As for concerns about animal welfare, she points to the hypocrisy of those who condemn bestiality on these grounds while failing to apply the same standard to other forms of exploitation, such as scientific experimentation or the meat industry. In this context, she asserts that “a cow, if she were in her right mind and could speak, would express a preference to have sex with a human rather than to be brained and have her carcass turned into everything from antifreeze to insulin and gummy bears,” (6) which seems quite reasonable. Yet she strikingly concludes: “It is a relief that cows cannot express preferences in human language, because modern life would come to a halt if they could and if anyone felt obliged to honor those preferences” (6). While the argument effectively exposes a tension in contemporary attitudes toward animal exploitation, it does not in itself address the validity of the ethical objection it seeks to critique. Even if we read the conclusion of her argument as ironic, the two concerns are not mutually exclusive: a person might consistently be worried about welfare in bestiality and also in other forms of animal exploitation. Indeed, some of the most visible animal welfare organizations—such as PETA, which Stuhmiller herself mentions—condemn bestiality precisely as another form of exploitation.

I emphasize these two points because they suggest that a perspective more firmly grounded in the materiality of bodies and in the interests of animals might lead to different interpretive conclusions than those proposed in Animal Husbandry, or at least open alternative lines of inquiry. If, as Salisbury argues, “some things stay the same,” it may be worth considering whether concerns aligned to those that structure contemporary debates—particularly those related to animal welfare—might also be traced, even if only implicitly, in medieval texts and discourses on bestiality, in addition to the more explicit scientific and religious frameworks that dominate the sources.

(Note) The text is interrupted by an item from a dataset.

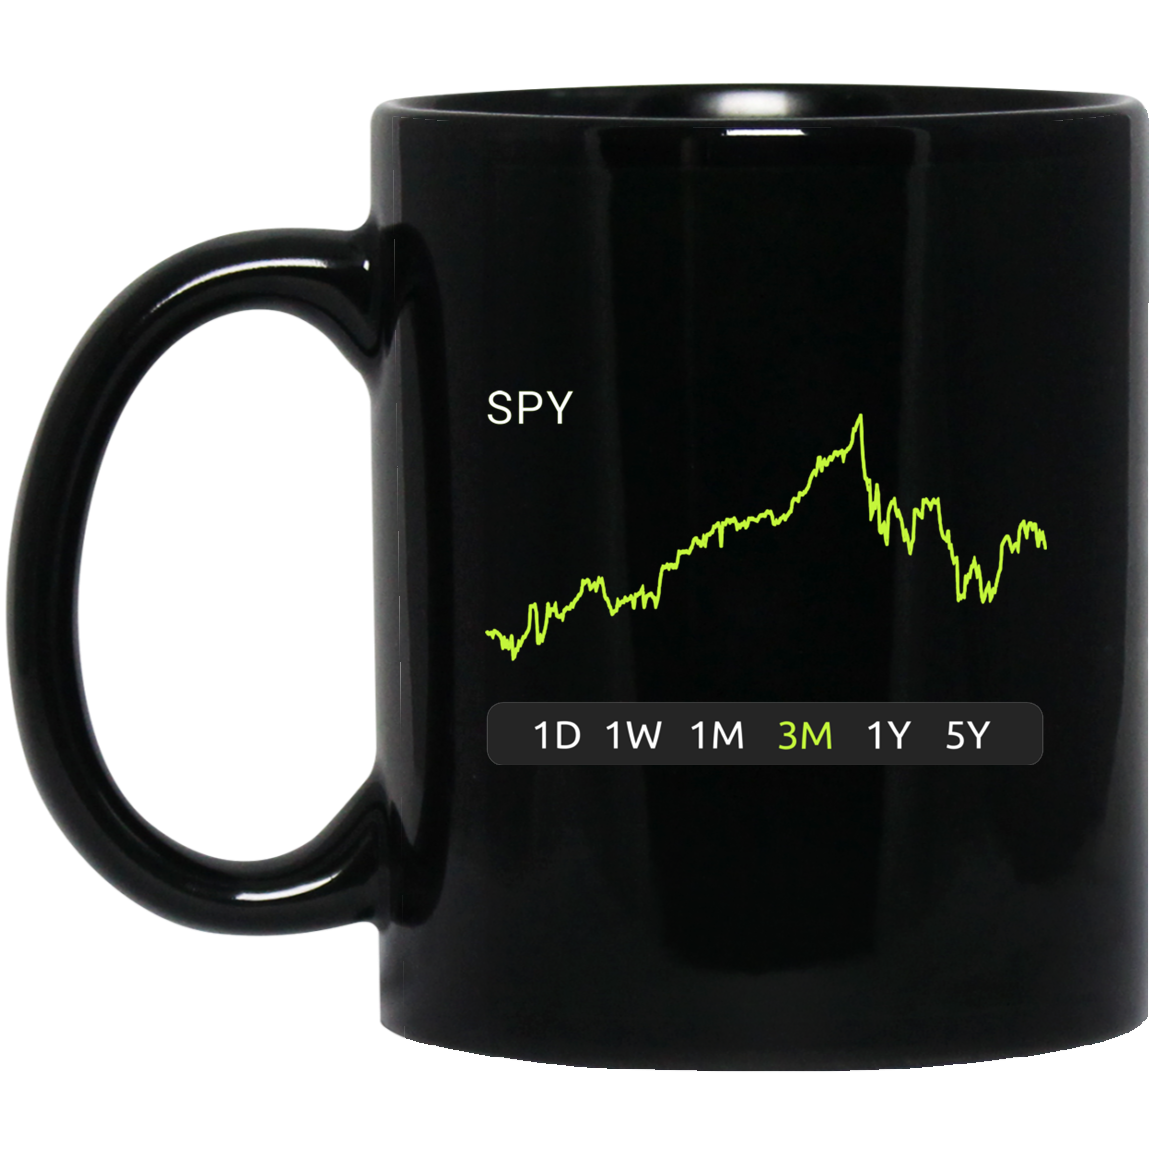 SPY Stock 3m Mug

Taken as a whole, Animal Husbandry opens suggestive lines of inquiry on a topic that Joyce Salisbury herself had already inaugurated in her now classic The Beast Within: Animals in the Middle Ages (1994). The essays that make up the volume analyze a varied—though not exhaustive—range of medieval textual and visual materials and, beyond their relevance for contemporary debates, contribute in several important ways. For instance, many of them build valuable bridges between gender studies and animal studies, while also highlighting the gap between normative discourses (legal, ecclesiastical, scientific) and lived practices, in which forms of zooerotic desire demonstrably persisted throughout the Middle Ages. At the same time, as mentioned, the volume might have benefited from a more direct engagement with the material dimension of the animal. This limitation can be read as an invitation for future works to advance the questions—undeniably very productive ones—first raised by Salisbury and further developed in this collection.